Здавалка
Главная | Обратная связь

КОНСТАНТЫ ПЕТЕРБУРГСКОЙ КУЛЬТУРЫ



 

Проблема существования в культуре города констант – это проблема индивидуального своеобразия, обретение которого – необходимое условие выживания любого города. Городу свойственно стремление закрепить за собой определенный набор качеств, делающих его неповторимым и обеспечивающих ему достойное место в ряду городов; изменение этого набора связано, как правило, с исключительными обстоятельствами, с адаптацией к новым условиям.

Ключевые, наиболее важные качества, в сохранении которых город жизненно заинтересован, он стремится «внедрить» в сознание людей на уровне стереотипных представлений. Между константами как постоянными величинами, объективными параметрами городской среды и устойчивыми представлениями о ней трудно провести отчетливую границу; отношения между ними можно назвать отношениями дополнительности: с одной стороны, стереотипы, как правило, складываются под воздействием объективных факторов, определяющих своеобразие города; с другой стороны, именно сложившиеся стереотипы, отраженные в художественных текстах или передаваемые изустно, способны поддержать город в его стремлении оставаться своеобразным и в периоды ослабления или утраты им факторов индивидуального своеобразия.

Очевидно, что любые попытки выявить устойчивые качества конкретного города должны быть выверены с точки зрения специфики и объекта, и предмета подобного исследования. Объектом в данном случае является Город, под которым понимается среда обитания определенного типа. Можно предположить, что в культуре Петербурга, как и в культуре любого другого города, присутствуют качества, обусловливающие его принадлежность к Городу. Это обстоятельство не всегда принимается в расчет; само понятие «Город» трактуется как исторически-относительное. Между тем, по справедливому замечанию, «город есть город»[58]. Существуют качества, позволяющие обозначить «водораздел» между Городом и Деревней, Городом и Природой. Так, важнейшим критерием выделения Города в особую среду обитания служит удельный вес культурной составляющей, который настолько высок, что Город рассматривается как максимально полное воплощение культуры.
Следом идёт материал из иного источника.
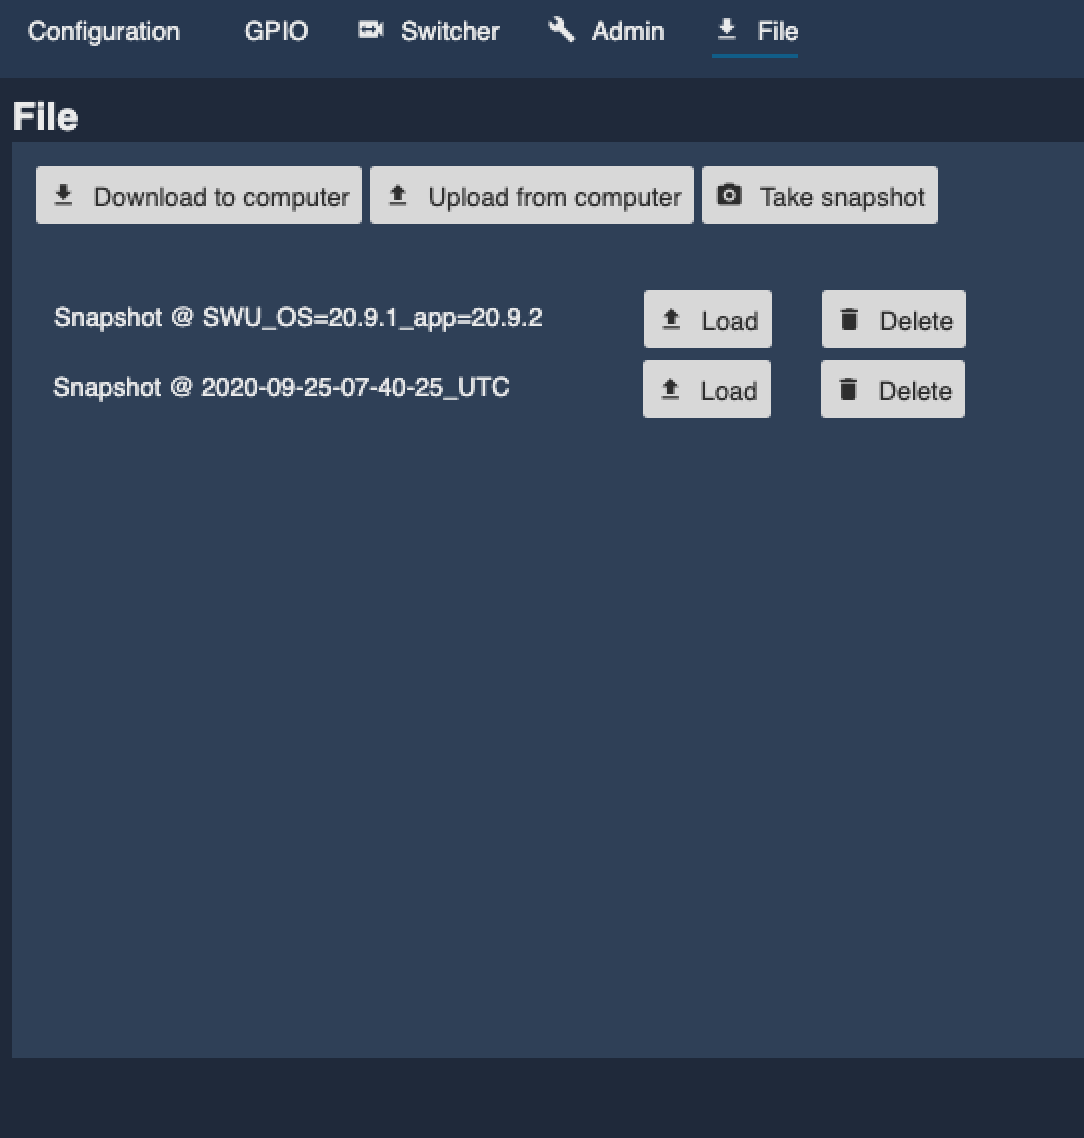 cyanview-support-manual-configuration-web-ui-gui-files-backup-snapshot

Можно ли считать рукотворность, искусственность константой Петербурга как одного из множества исторических воплощений города, если принять во внимание ее универсальный характер? По-видимому, можно, ибо в каждом конкретном случае искусственность города проявляется по-разному, а в «петербургском» варианте ее степень выражена особенно отчетливо; за исключением короткого периода у Петербурга не было необходимости отстаивать свое специфически городское происхождение – настолько была очевидна его сущность как способа и результата человеческой деятельности. Устойчивые эпитеты Петербурга – «вымысел», «волшебная греза», «фантом». Мыслью о вымышленности, надуманности этого города, в сущности, одного из многих, созданных «на пустом» месте в Новое время, – пронизана значительная часть петербургского текста русской литературы.

Любопытно, что искусственность («культурность») – объективное качество Города – приобретает значение константы одной из исторических модификаций данной среды обитания только в определенном контексте. В данном случае таким контекстом служит урбанистическая картина России. В сознании русских людей проблема искусственности, рукотворности Петербурга была трансформирована в проблему органичности/неорганичности культуре России той новой культуры, «городским» воплощением которой стал Петербург. Качества-константы этой культуры – европейскость, светскость, рационалистическая доминанта – раскрыты М.С. Каганом в книге «Град Петров в истории русской культуры».

Интересно смещение акцента: в «лице» Петербурга создавался не просто город, его культура, – город был моделью для создания государства – образования, в исторически-стабильных условиях воспринимаемого как внешнее по отношению к культуре, как ее каркас. Пожалуй, можно утверждать, что не только в XVIII–XIX вв., но и в ХХ в. специфика Петербурга как города заслонялась особенностями того государства, в качестве столицы которого город был задуман. Действительно, когда государство – этот не богоданный, а «человеческий» институт, охватывающий и регламентирующий все стороны жизни людей, – было построено, все его эпитеты были перенесены на Петербург, который с этого момента (с пушкинского времени) все чаще начинает именоваться казенным, чиновничьим, бездушным. Таким образом, специфика искусственности как константы этого города – в том, что она была многократно усилена искусственностью, неорганичностью, привнесенностью создаваемого государства.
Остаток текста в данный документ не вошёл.